Fig. 5: Comparison between the ARI on the hidden and novel classes. Each point is a different hyperparameter combination.

7.2.2 Results when the number of novel classes is estimated

As expressed in Section 5, we leverage the representation learned by PBN during the k-fold CV to estimate the number of clusters. The result is a method that never relies on any kind of knowledge from the novel classes. This approach is also applicable to the baseline and the spectral embedding of SC, but not to TabularNCD as it requires a number of clusters to be defined during the training of its representation. For a fair comparison, TabularNCD is trained here with a number of clusters that was estimated beforehand with a CVI.

Fig. 6: Comparison of the CVIs in the latent space of PBN using the Nemenyi test with a 95% confidence interval.

Nevertheless, we find that the Silhouette coefficient performed the best in the latent space of PBN, closely followed by the Calinski-Harabasz index. The elbow method is ranked last, which could be explained by the difficulty in defining an elbow [2].

As emphasised earlier, Table 5 reports the results of the different NCD algorithms in the most realistic scenario possible, where both the labels and the number of novel classes are not known in advance. This is the setting where PBN exhibits the greatest improvement in performance compared to the other competitors, achieving an ACC that is 17.6%, 18.8% and 16.3% higher than the baseline, NCD SC, and TabularNCD, respectively.

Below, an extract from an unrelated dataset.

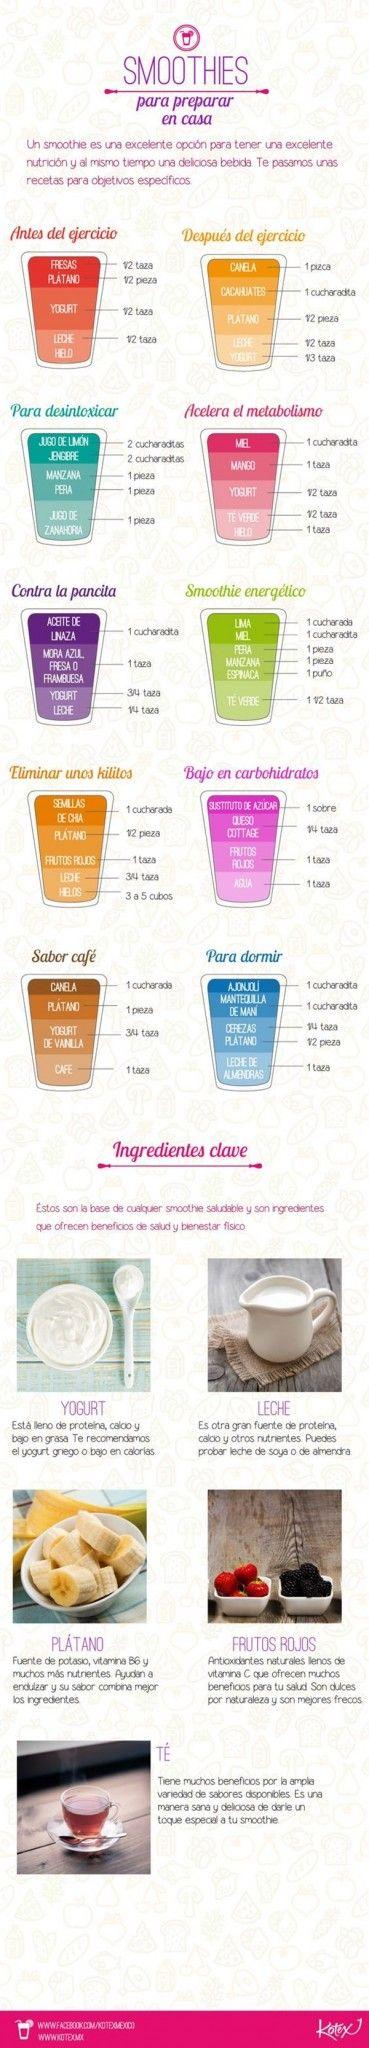 como preparar smoothies en casa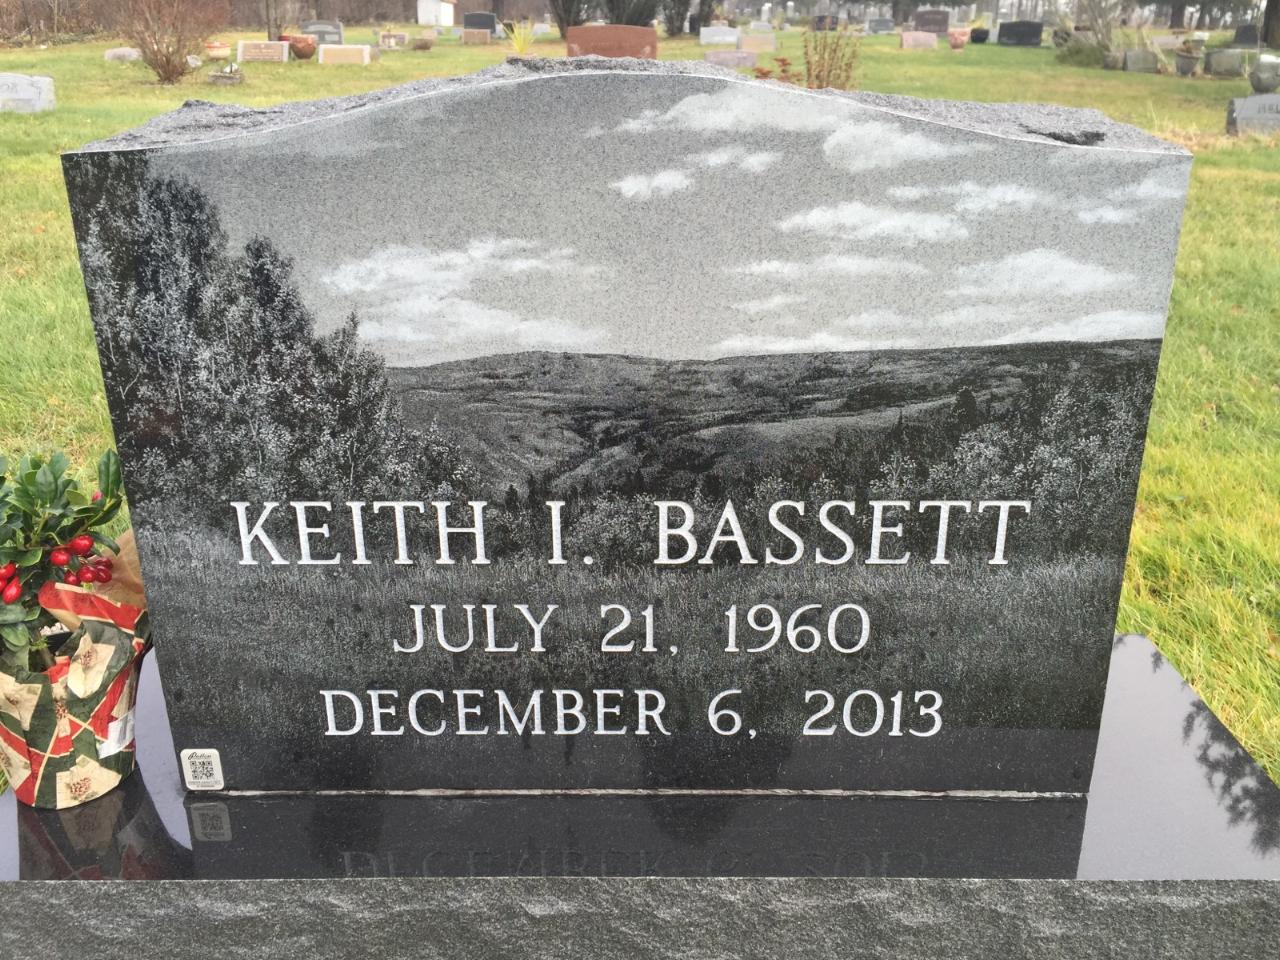 Basset Upright

However, the ACC of PBN remains an impressive 71.0%, demonstrating that this simple method, comprising of only two loss terms, is the most appropriate for tackling the NCD problem in a realistic scenario. In contrast to the baseline and NCD SC methods, its reconstruction term enables it find a latent space where the unlabeled data are correctly represented. And unlike TabularNCD, it has a low number of hyperparameters which decreases the probability of overfitting on the hidden classes during the k-fold CV procedure.

This paper is available on arxiv under CC 4.0 license.

[2] There are no widely accepted approaches, as the concept of an “elbow” is subjective. In this study, we employed the kneedle algorithm [40] through the kneed Python Library [41].